SCLC is most regularly centrally situated tumour arising up from bronchial epithelium (Belinsky, 2004). Facts reveal 92% of patients had NSCLC, whereas 8% have been recognized with small cell carcinoma. The foremost commonplace anatomy changed into adenocarcinoma (43.8%) followed with the aid of squamous cellular carcinoma (26.2%), large cell carcinoma (2.1%) and others (8.3%). statistically better occurrence of the adenocarcinoma in non-people who smoke and small cellular and squamous histology had been more commonly located within the smokers [Noronha et al.,
Small cell lung cancer is also known as "oat cell" or undifferentiated small cell carcinoma. It is rare in nonsmokers. The small cell lung cancer is a disease that originates in the central airways.
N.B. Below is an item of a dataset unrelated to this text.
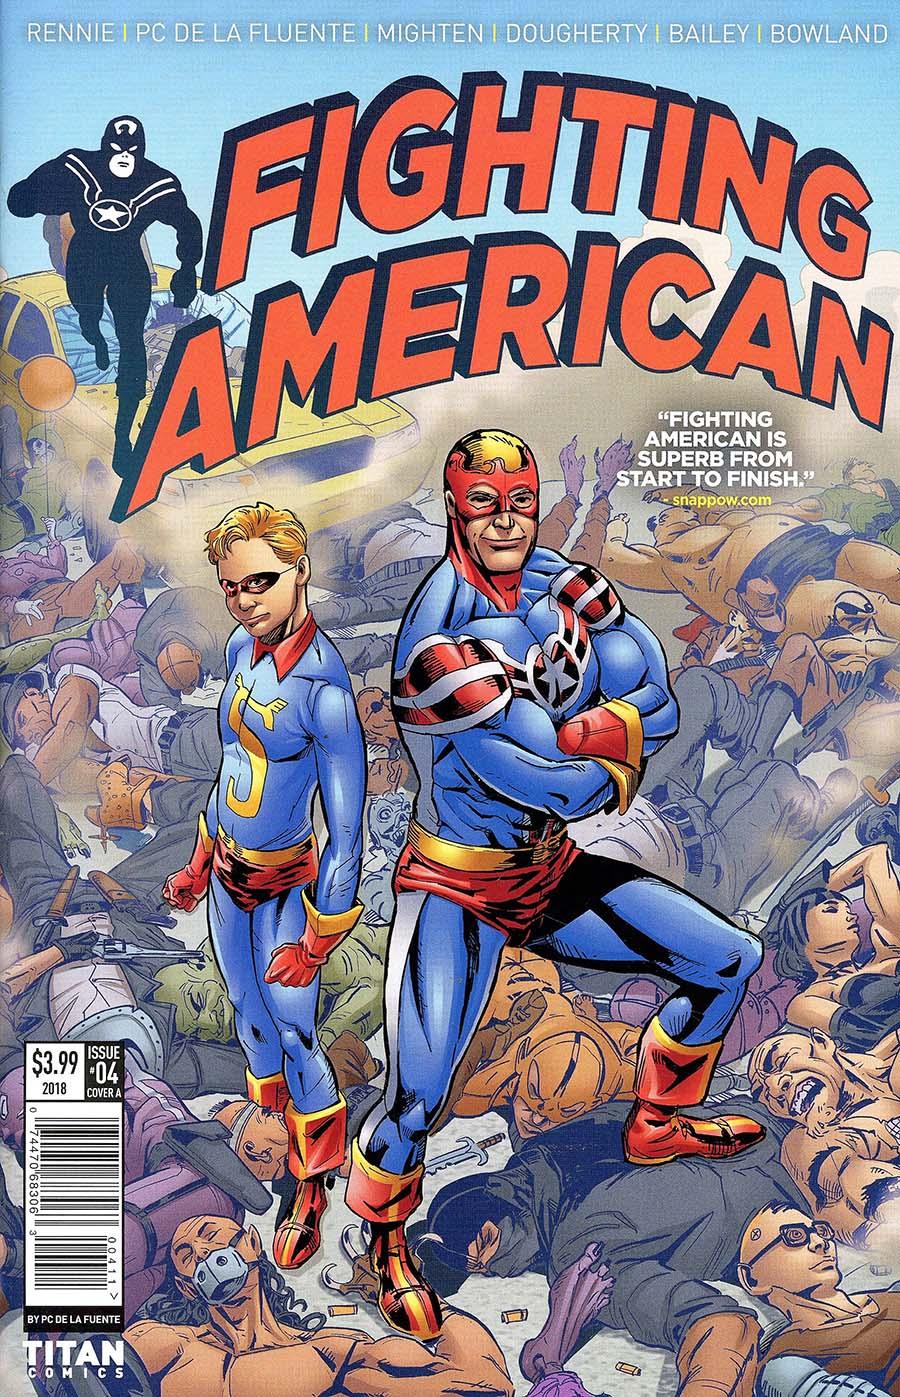 Fighting American Vol 4 #4 Cover A Regular Francisco De La Fuente Cover

It develops, in general, from the main lobes and bronchia, and rarely from the trachea.
There are many different type of cancers, there are also many different types of treatments. One of the most known types of treatments would be chemotherapy. Chemotherapy can be used for a wide range of different types of cancers and diseases, and each of the different types of cancers or diseases require a different group, and sometimes order, of chemicals to properly treat the cancer or disease. These chemicals include: Alkylating agents, Antimetabolites, Anthracyclines, Topoisomerase inhibitors, mitotic inhibitors, corticosteroids, and more. Each of these drugs previously listed have its own cancer type(s) or disease(s) that it can assist in treating. Some of these cancers include: Leukemia, Lymphoma, Hodgkin disease, multiple
Lung cancer is one of the leading causes of death not only in the United States of America but globally.1 According to the World Health Organization 8.2 million deaths in 2012 were cancer related and of those deaths, 1.59 million were due specifically to lung cancer.2 In 2014, there was a staggering 224,210 new reported cases of lung cancer in the United States alone. The 5-year relative survival has a 49% to 2% variability depending on the type of lung cancer, stage, and location. The two major types of lung cancer are Non-small cell lung cancer (NSCL), which consists of 85% lung cancers, and small cell lung cancer (SCLC), which makes up the other 15% of lung cancers. NSCL is an epithelial lung cancer that is histologically comprised of adenocarcinoma, large cell carcinoma, and squamous cell carcinoma.1 Both NSCL and SCLC are insidious in nature and the presentation will usually be vague or nonspecific and include the following symptoms: cough, shortness of breath, fatigue, weight loss, recurrent infections, coughing up blood, hoarseness, and wheezing.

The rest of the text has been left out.